La sonde américaine Phoenix a commencé lundi 26 mars une mission de trois mois dans la région arctique de Mars jusqu'à présent inexplorée pour sonder le permafrost de la planète, y rechercher de l'eau gelée et tenter d'y trouver des indices de vie passée. Son atterrissage s’était bien passé, le dimanche à 23H38 GMT. après un voyage de neuf mois et une descente périlleuse dans la région du Vastitas Borealis, plaine circumpolaire avec peu de relief présumée riche en eau gelée. La sonde s’est posée en douceur, sans les nombreux moyens utilisés précédemment pour amortir les prises de contact.
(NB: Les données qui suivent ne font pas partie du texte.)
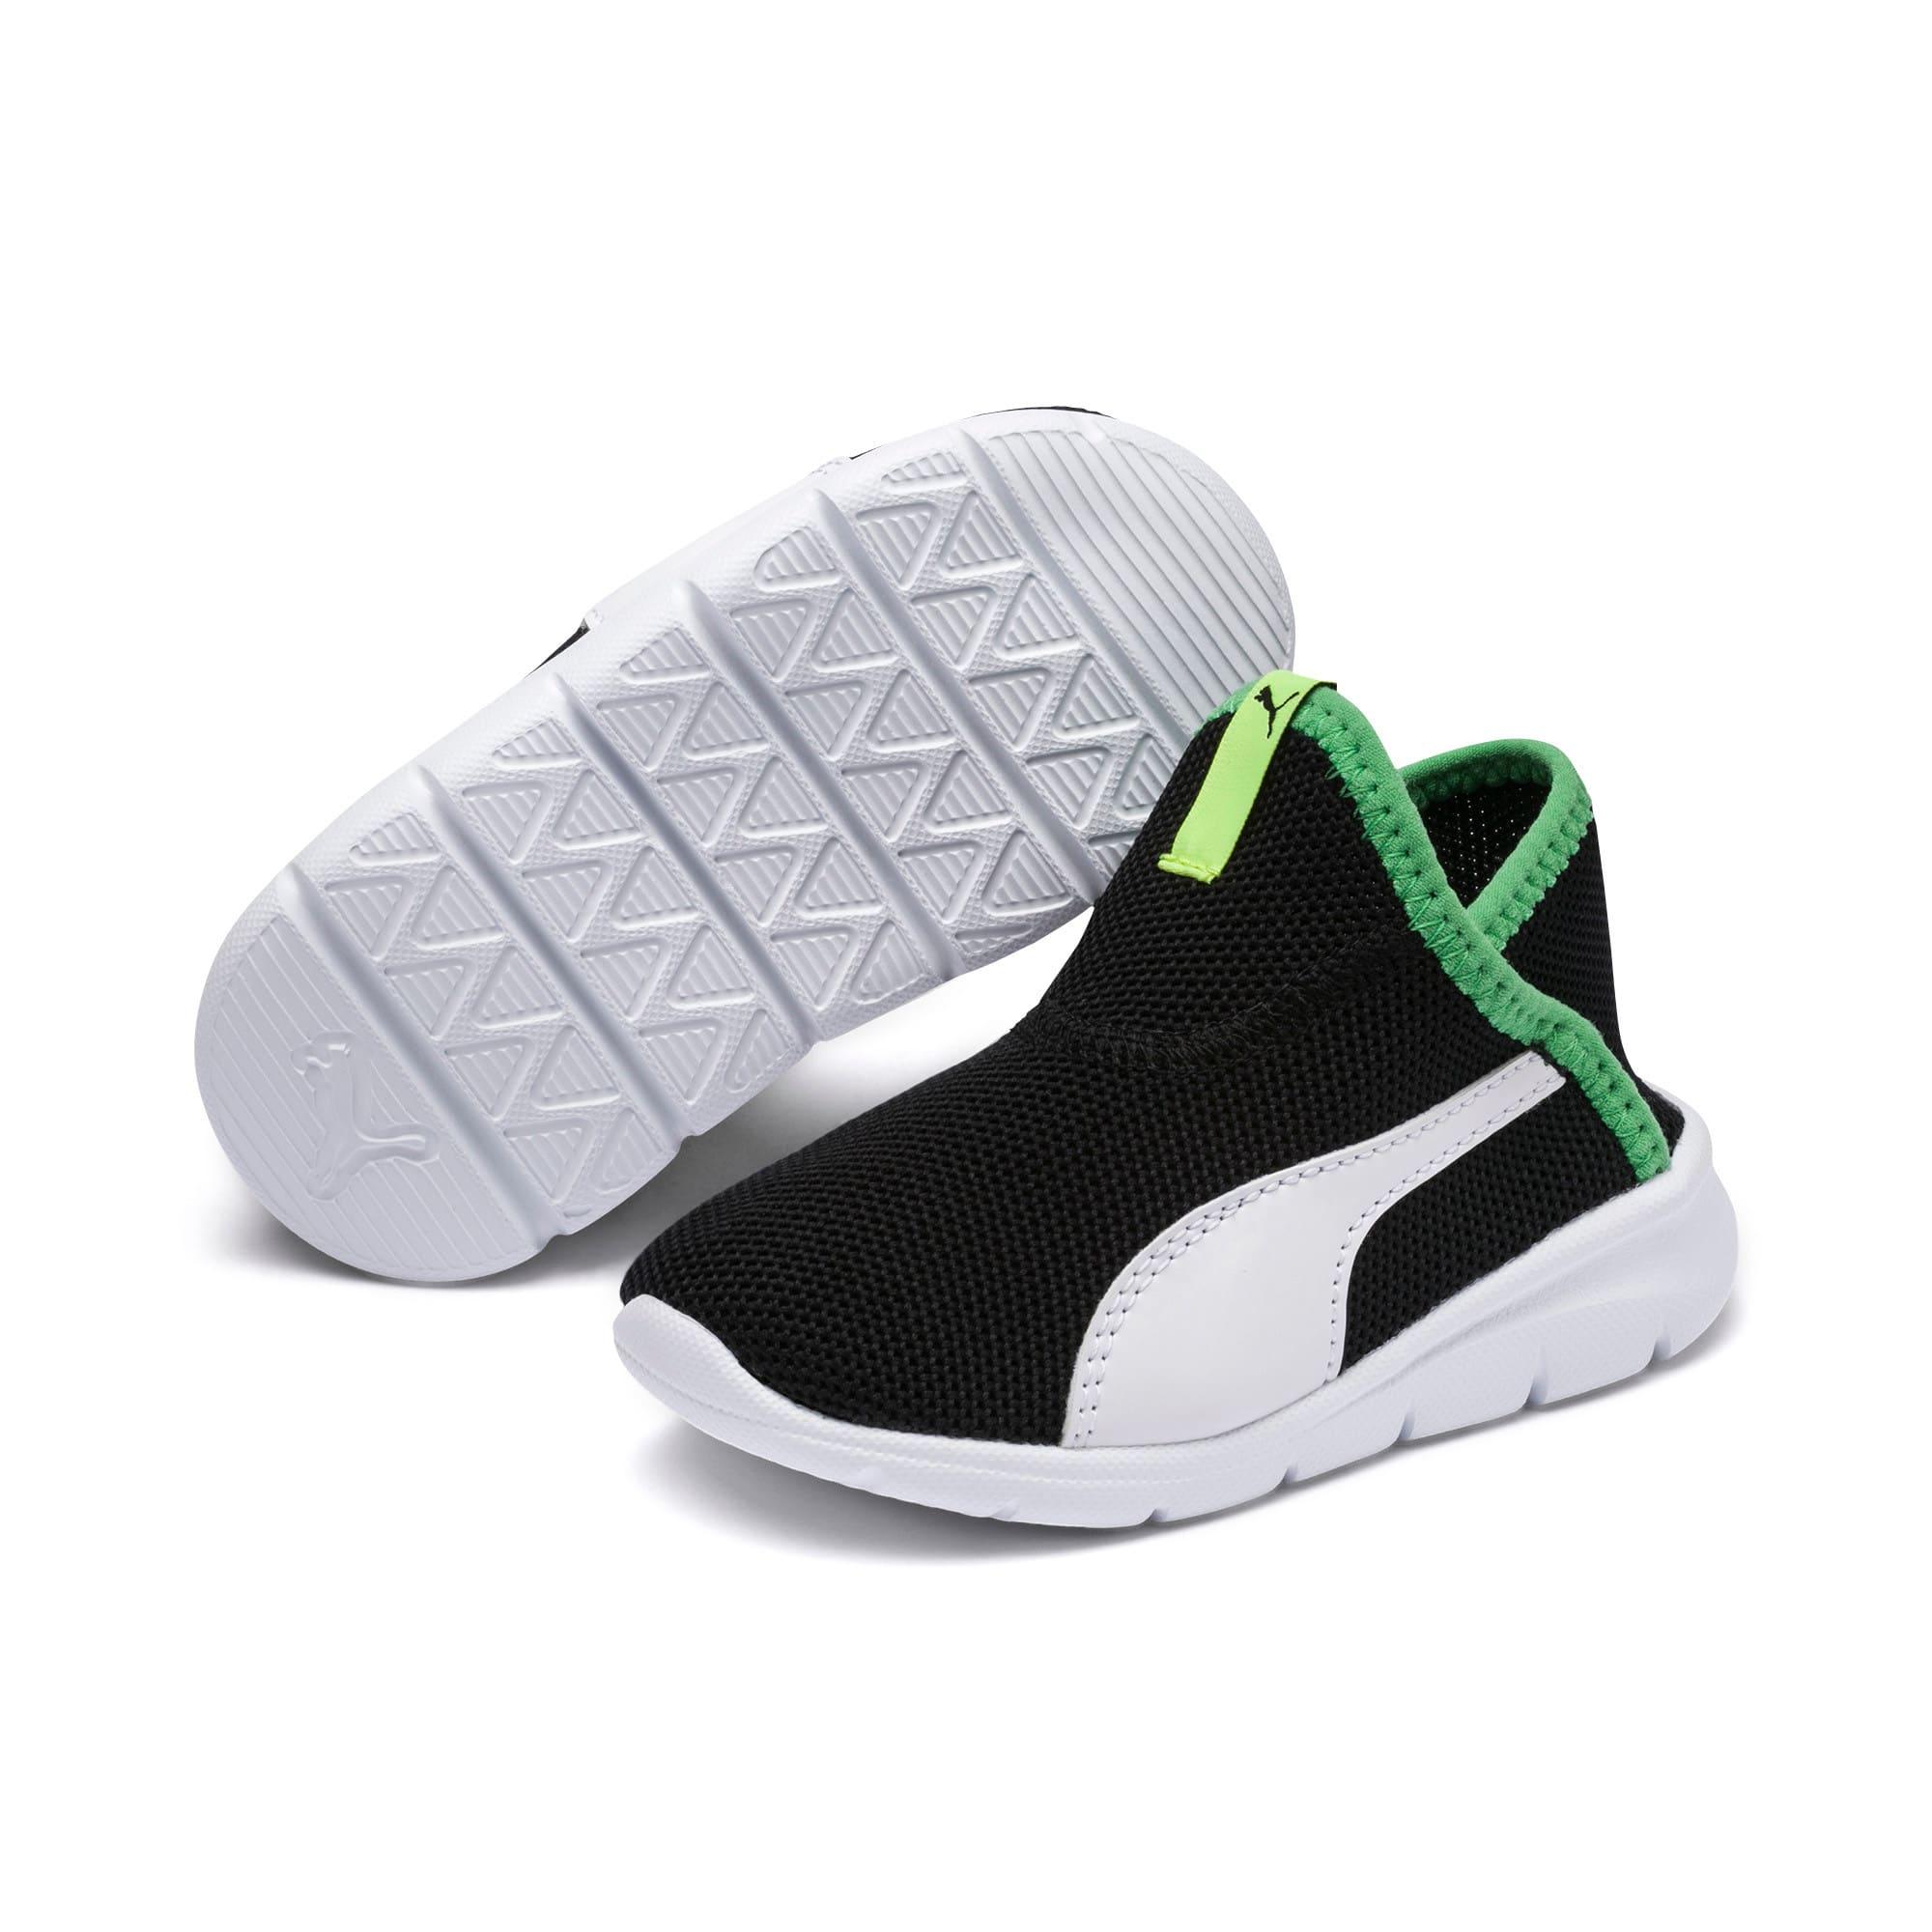 Thumbnail 2 of キッズ プーマ バオ 3 ソック PS 17-21cm, Puma Black-White-Irish Green, medium-JPN

Phoenix a réussi à déployer ses deux antennes solaires, après avoir attendu 20 minutes de manière à laisser la poussière se déposer pour éviter que les panneaux solaires ne soient souillés. Elle a transmis ses premières images montrant un paysage désolé, plat et gelé, ressemblant à certaines plaines arctiques de la Terre. L’objectif est d’obtenir des échantillons de sol gelé afin de déterminer l’intérêt de la zone pour d’éventuelles missions habitées. Les températures varient de moins 73 à moins 33 degrés Celsius.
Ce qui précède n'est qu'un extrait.